Task to carry out
Go through the lines below and copy each one that holds the string "Pack".

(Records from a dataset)
--

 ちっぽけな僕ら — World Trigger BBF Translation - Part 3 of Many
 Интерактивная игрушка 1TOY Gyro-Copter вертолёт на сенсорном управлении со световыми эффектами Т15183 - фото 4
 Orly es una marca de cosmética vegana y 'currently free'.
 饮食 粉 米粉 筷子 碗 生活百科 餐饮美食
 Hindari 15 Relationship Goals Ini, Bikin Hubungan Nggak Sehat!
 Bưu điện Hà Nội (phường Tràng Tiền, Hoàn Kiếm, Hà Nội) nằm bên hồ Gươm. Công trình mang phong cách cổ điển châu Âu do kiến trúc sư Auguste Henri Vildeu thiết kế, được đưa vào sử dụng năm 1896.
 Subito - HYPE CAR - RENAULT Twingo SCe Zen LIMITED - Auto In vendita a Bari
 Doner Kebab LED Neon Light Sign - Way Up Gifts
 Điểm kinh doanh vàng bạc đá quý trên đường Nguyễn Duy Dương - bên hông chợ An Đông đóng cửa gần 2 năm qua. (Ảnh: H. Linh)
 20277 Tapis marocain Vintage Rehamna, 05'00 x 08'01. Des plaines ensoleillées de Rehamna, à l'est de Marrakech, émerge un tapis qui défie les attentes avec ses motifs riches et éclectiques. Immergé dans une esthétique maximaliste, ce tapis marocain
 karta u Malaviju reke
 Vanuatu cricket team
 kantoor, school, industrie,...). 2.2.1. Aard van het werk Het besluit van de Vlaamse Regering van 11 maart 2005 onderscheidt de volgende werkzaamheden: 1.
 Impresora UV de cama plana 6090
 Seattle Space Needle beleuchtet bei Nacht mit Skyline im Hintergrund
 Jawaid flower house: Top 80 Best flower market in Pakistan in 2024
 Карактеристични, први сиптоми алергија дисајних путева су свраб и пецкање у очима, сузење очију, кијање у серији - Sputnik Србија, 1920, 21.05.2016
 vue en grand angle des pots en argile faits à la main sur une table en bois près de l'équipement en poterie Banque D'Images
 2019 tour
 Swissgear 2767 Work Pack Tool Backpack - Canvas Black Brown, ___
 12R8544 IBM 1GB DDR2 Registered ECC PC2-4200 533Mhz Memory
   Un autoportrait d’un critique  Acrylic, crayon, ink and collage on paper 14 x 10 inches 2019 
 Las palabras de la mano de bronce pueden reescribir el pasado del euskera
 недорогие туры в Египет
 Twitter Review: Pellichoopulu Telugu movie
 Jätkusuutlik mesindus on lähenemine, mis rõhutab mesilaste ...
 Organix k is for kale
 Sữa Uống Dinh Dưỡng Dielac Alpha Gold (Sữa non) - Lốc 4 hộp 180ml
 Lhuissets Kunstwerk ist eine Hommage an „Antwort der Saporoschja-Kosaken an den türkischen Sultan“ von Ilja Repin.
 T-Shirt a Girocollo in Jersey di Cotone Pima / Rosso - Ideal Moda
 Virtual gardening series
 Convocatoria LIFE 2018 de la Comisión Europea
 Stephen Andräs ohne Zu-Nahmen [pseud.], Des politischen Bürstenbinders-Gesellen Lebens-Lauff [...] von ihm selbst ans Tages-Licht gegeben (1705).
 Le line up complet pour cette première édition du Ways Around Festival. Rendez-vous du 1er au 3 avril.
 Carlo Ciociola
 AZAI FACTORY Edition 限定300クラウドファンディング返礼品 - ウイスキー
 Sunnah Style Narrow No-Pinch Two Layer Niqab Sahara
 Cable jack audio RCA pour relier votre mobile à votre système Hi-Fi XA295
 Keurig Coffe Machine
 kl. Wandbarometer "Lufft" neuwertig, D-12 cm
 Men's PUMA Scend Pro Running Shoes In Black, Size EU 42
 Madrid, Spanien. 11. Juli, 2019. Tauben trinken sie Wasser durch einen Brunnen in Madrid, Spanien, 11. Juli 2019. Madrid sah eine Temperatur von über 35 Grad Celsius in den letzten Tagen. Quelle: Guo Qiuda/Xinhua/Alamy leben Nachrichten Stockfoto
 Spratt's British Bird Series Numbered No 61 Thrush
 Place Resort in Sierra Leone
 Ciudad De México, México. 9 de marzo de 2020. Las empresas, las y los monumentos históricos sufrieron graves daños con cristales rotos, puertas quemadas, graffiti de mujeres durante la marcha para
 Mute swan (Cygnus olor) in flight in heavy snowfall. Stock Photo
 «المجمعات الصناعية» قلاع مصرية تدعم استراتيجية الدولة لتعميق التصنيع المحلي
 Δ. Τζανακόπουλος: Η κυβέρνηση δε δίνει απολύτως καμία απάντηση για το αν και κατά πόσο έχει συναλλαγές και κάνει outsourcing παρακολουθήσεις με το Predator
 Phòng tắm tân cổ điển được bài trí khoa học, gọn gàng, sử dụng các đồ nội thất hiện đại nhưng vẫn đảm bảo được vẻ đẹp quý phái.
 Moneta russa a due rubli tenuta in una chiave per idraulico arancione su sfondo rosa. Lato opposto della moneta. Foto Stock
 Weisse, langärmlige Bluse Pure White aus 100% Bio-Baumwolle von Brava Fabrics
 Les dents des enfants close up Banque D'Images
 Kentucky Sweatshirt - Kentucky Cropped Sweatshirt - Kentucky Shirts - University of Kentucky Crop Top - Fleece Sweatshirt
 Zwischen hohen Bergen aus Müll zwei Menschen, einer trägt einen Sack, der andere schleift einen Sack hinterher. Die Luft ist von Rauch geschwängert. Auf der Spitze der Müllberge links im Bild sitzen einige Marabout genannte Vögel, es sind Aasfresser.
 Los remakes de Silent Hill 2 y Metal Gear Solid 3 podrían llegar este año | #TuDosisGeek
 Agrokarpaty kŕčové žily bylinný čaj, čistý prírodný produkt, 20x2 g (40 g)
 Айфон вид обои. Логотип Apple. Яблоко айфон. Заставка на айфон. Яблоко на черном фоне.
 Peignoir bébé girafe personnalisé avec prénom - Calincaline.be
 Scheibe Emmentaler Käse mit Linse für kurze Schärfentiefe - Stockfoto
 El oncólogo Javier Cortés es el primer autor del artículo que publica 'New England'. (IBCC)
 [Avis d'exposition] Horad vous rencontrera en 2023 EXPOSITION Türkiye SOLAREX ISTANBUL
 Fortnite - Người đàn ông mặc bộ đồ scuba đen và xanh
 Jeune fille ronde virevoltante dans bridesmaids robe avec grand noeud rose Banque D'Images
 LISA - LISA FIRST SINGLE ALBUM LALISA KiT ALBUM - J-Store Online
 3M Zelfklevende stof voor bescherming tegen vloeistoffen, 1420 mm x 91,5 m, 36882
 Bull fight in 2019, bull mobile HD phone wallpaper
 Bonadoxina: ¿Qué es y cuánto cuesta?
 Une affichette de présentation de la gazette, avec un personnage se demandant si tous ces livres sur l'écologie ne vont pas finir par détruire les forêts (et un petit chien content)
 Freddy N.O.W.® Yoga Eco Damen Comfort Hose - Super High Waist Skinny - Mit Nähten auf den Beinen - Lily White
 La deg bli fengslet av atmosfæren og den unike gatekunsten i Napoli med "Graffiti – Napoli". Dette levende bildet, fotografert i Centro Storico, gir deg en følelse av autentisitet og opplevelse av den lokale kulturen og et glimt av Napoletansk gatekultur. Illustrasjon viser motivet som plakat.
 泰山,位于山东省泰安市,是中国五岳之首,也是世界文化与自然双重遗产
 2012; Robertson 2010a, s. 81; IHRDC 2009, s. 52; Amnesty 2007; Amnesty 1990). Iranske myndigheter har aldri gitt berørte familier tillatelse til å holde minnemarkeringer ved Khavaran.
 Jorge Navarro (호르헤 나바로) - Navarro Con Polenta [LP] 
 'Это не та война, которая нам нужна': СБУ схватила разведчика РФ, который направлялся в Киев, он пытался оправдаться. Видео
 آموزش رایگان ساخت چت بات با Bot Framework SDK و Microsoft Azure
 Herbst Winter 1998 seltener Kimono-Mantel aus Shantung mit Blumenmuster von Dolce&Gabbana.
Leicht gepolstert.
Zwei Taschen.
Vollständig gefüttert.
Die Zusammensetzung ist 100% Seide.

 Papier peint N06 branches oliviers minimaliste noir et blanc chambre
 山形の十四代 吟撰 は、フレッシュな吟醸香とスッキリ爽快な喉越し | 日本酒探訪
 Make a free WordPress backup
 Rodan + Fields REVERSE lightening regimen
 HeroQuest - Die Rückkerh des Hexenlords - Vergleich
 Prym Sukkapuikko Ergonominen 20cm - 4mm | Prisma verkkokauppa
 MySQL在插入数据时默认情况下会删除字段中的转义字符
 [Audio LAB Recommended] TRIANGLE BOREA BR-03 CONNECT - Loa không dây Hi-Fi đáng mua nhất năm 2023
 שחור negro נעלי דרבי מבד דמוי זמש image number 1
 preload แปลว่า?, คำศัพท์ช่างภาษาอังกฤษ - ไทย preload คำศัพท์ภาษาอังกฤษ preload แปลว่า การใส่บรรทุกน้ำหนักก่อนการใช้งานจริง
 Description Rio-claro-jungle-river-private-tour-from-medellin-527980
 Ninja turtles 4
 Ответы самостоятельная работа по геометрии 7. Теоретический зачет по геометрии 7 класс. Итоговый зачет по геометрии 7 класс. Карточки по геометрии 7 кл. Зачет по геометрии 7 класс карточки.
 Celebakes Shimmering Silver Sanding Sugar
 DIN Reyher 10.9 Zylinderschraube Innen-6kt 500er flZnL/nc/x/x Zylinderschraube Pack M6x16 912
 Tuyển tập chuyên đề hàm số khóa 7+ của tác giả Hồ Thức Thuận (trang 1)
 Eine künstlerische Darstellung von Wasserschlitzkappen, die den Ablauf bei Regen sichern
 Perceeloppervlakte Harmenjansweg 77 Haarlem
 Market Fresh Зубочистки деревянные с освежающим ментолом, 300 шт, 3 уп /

--

Output for this exercise
 Swissgear 2767 Work Pack Tool Backpack - Canvas Black Brown, ___
 DIN Reyher 10.9 Zylinderschraube Innen-6kt 500er flZnL/nc/x/x Zylinderschraube Pack M6x16 912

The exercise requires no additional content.